Back in his uncle's house in Srinagar on Thursday, the model, who Bangladesh accused of being an Indian spy, and who India's Research and Analysis Wing accused of being a Kashmiri terrorist, spoke to rediff.com about his experiences.

"I was told initially by my Bangladeshi interrogators that I was wanted as a Kashmiri terrorist by the Indian authorities. Later,they said I was a RAW agent and that I was masquerading as a model in their country," Dar says.

The RAB denied Dar's arrest despite repeated questions from Indian authorities.

"I was kept in a dark, dingy cell. I often felt my end was near as they tortured me. I remained in horrible detention for 40 days before the courts ordered my release," he says.

For Dar, the irony of fate was unmistakable. His posters were all over the streets of Dhaka even as he languished in oblivion in a torture cell in the same country.

The model says he had been a regular visitor to Dhaka as his father had set up a handicraft business since 1995. "We would sell our handicrafts at the annual November Dhaka fair," he says.
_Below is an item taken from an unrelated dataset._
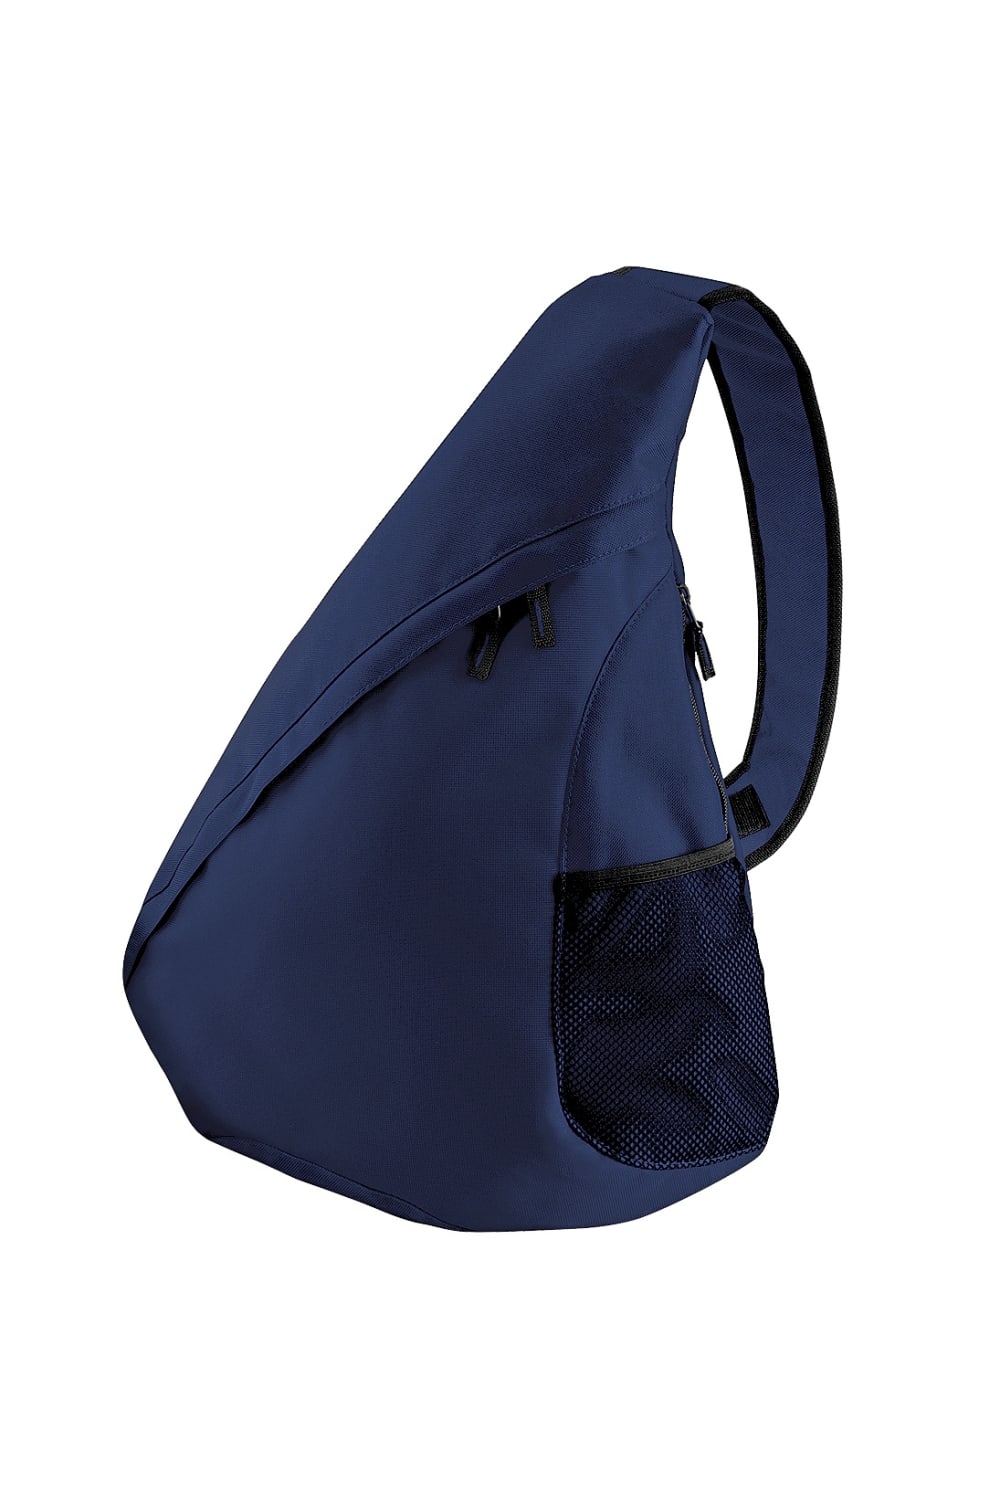 Universal Monostrap Bag / Backpack - French Navy
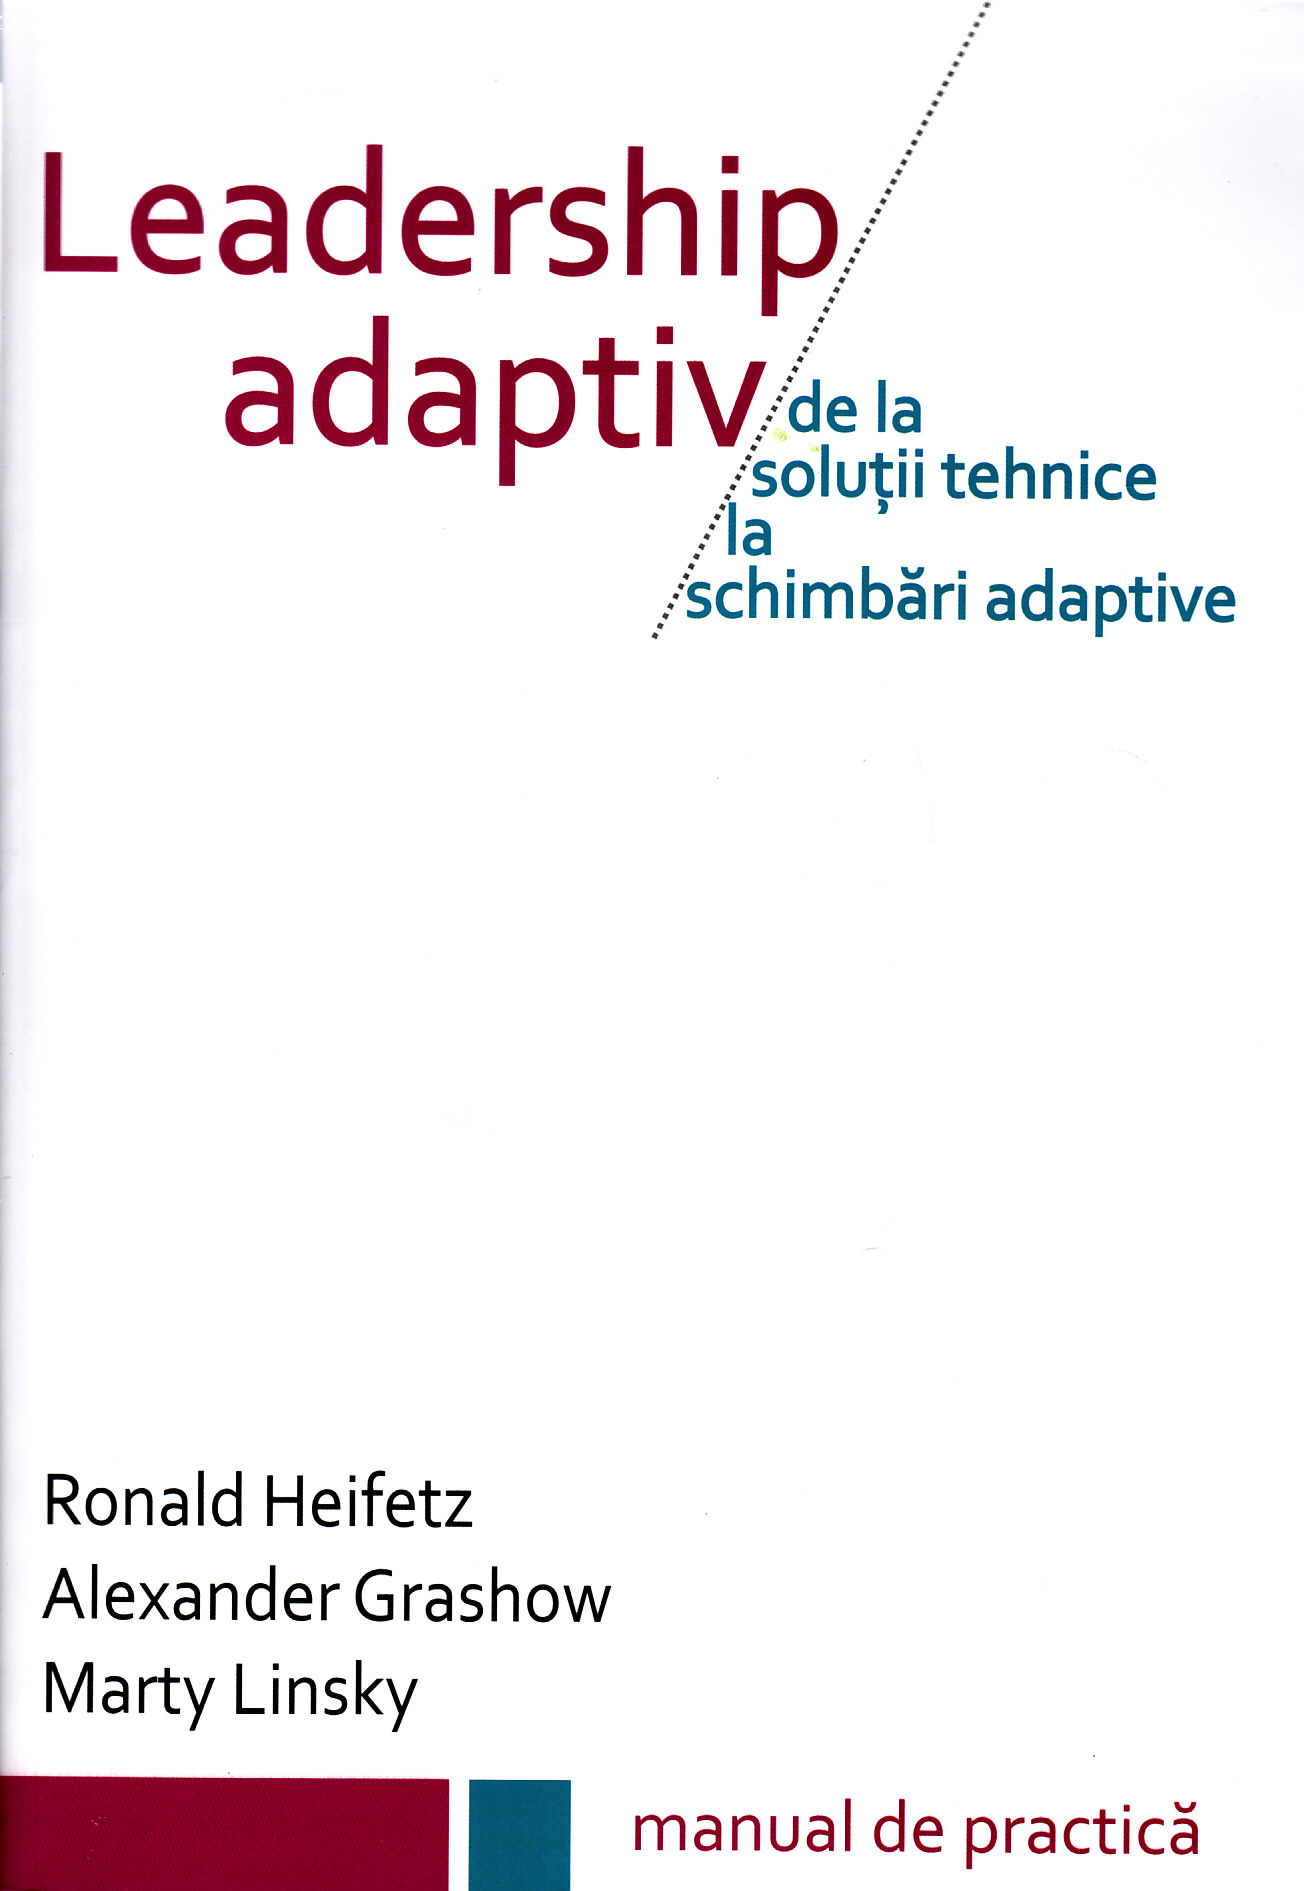 Leadership adaptiv - Ronald Heifetz, Alexander Grashow, Marty Linsky

"On October 24, three days after my release, when I came to the Dhaka airport to catch a flight for Delhi, I was whisked away by some men in civilian clothes from the Indian embassy. They questioned me for 15 minutes before allowing me to board the plane," he says.

But his trauma was far from over. "As soon as I landed at the Delhi airport, cops from the Delhi Special Cell whisked me away. My younger brother was waiting to receive me, but he was not allowed to see me. The torture in Delhi was worse than in Dhaka," Dar says.

He also disclosed that he was kept in a cell meant for high-risk detainees. "The cell was like a cage. Like the ones you see in a zoo. After 12 days of torture, I was shifted to Tihar Jail," he says.

Finally the judiciary came to Dar's rescue. Following an order by a Delhi court, he was released last Wednesday.

Scores of well-wishers and sympathisers are thronging the Narwara residence of Dar's uncle.

It is an unending celebration, but Dar wants one question to be answered. "People no longer come to see a promising model. They come to sympathise with a tortured, tormented person who cannot even properly walk. The pain in my left leg is excruciating. Will somebody now tell me what my crime was? Was it being a Kashmiri?" he asks.